The recognition of the mouth area is required for all further processing and calculation steps. In particular, the accuracy of facial feature extraction (see Sect. 4.4) is highly influenced by the precision of mouth detection. To recognize the mouth within RGB images, we chose a common approach using a convolutional neural network (CNN). First introduced by Simonyan and Zisserman, the VGG16 network architecture has been very successful in large-scale image and video recognition [18]. Since it has also proven successful in similar tasks for estimating regions in images [19], we have adopted it in a slightly different configuration. We flattened the last output layer of the VGG16 network and added three dense layers and a four-unit output layer describing the normalized coordinates of the bounding box of the bottom of the face and mouth, respectively (see Fig. 5). We trained the network (VGG16 layers freezed) based on 10.300 of our preprocessed annotated images derived from the 300-W and FK68 datasets with a train/test split of 70% training, 20% validation and 10% test data using mean squared error (MSE) as loss function and adaptive moment estimation (ADAM) optimization.

Fig. 4.
figure 4

Excerpt of training images augmented with HMD

Full size image
Fig. 5.
figure 5

Structure and parameters auf the network used for bounding box prediction of the lower facial area

Full size image

4.4 Facial Landmark Extraction

Object detection based on the histogram of gradients (HoG) is a popular computer vision method for detecting semi-rigid objects and has gained acceptance in the field of face analysis. Dlib’s solution, which integrates an HoG detector, can represent both appearance and shape information [20]. Dlib also offers easy implementation of predicting facial landmarks using an ensemble of regression trees (ERT) in an image and provides real-time high-quality predictions that perform better than other approaches, such as CNNs. Therefore, we used its shape predictor, which takes an image region containing an object and outputs a set of point positions that define the pose of the object, in our case the AFLs of the mouth, the bottom jaw, and the tip of the nose. Before training our shape predictor, we first applied our trained mouth detection algorithm to our concatenated and preprocessed training set (10,300 images) to identify the mouth region.

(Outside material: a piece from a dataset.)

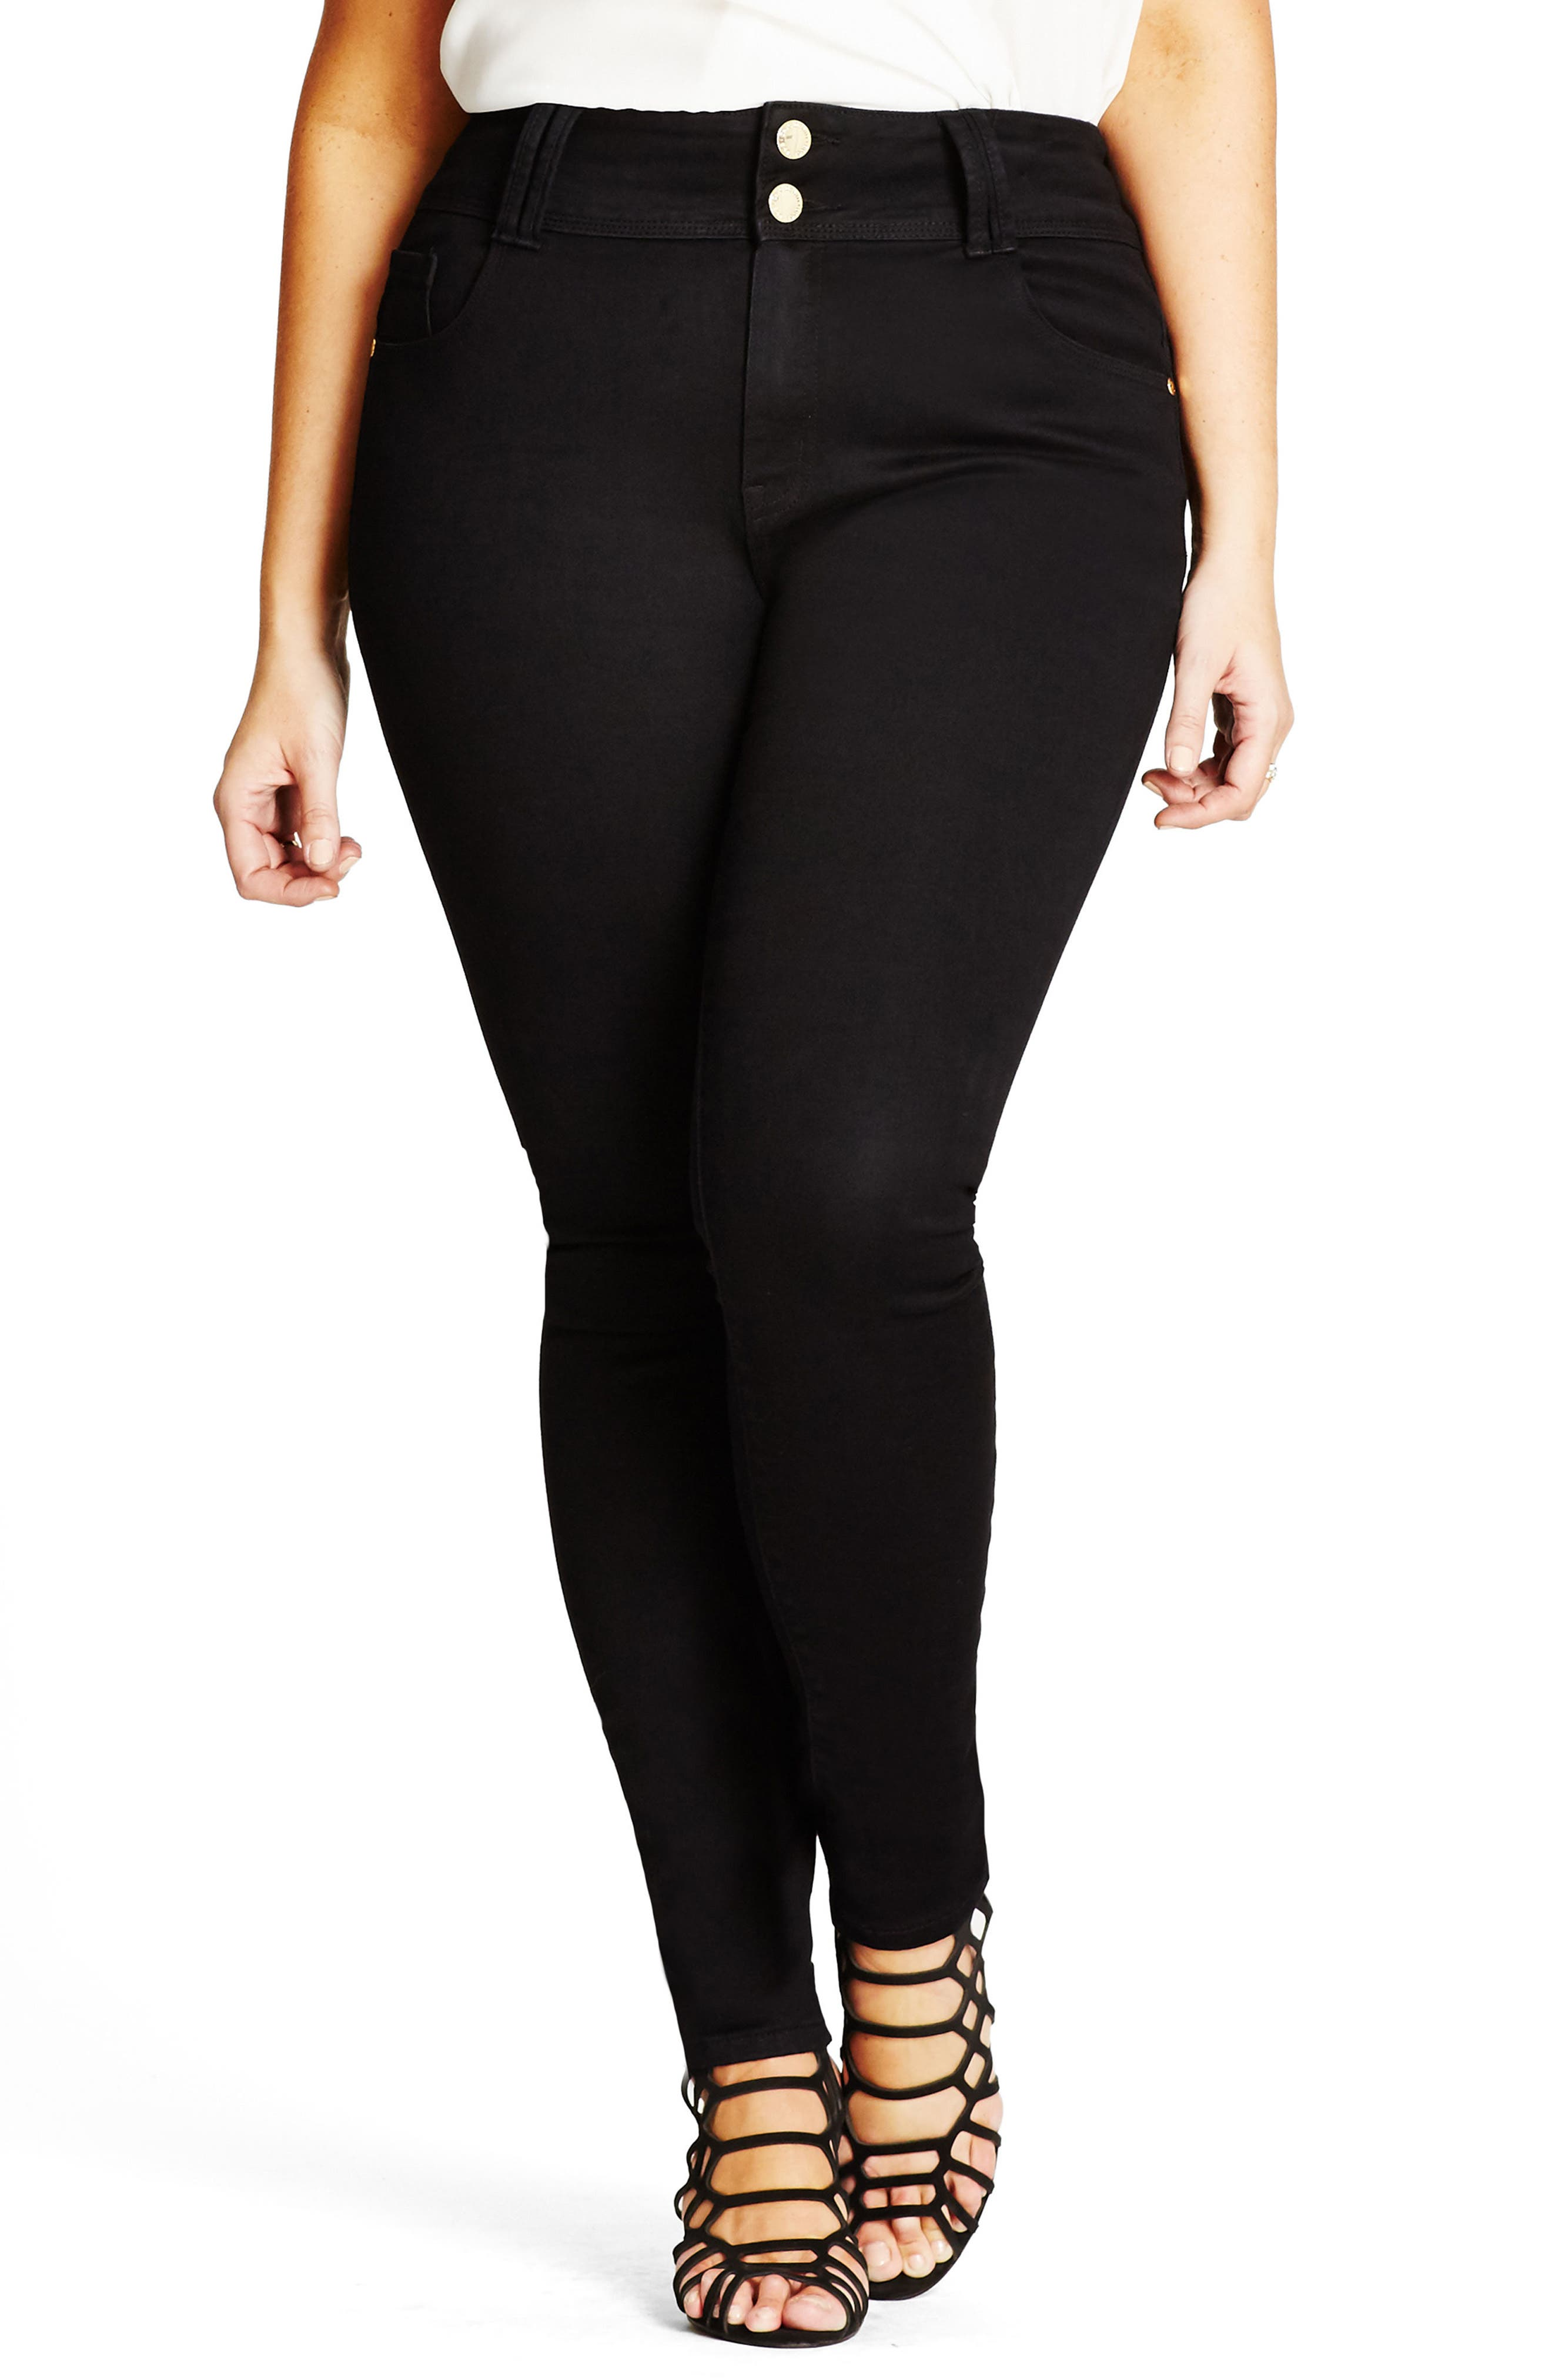 Asha High Waist Skinny Jeans,                             Main thumbnail 1, color,                             BLACK

Moreover, it was required to crop the 68 AFLs (representing the entire face) to represent only the mouth region. For this reason, we reduced the landmarks to the lower part of the jaw (landmarks 3–14), the lower part of the nose (landmarks 30–36), and the mouth (landmarks 48–68), resulting in a total of 37 AFLs.

We then trained the shape predictor (tree depth: 5, cascade depth: 25, feature pool size: 400, oversampling amount: 5, jitter correction: 0.1) with the cropped images from the datasets 300-W and FK68.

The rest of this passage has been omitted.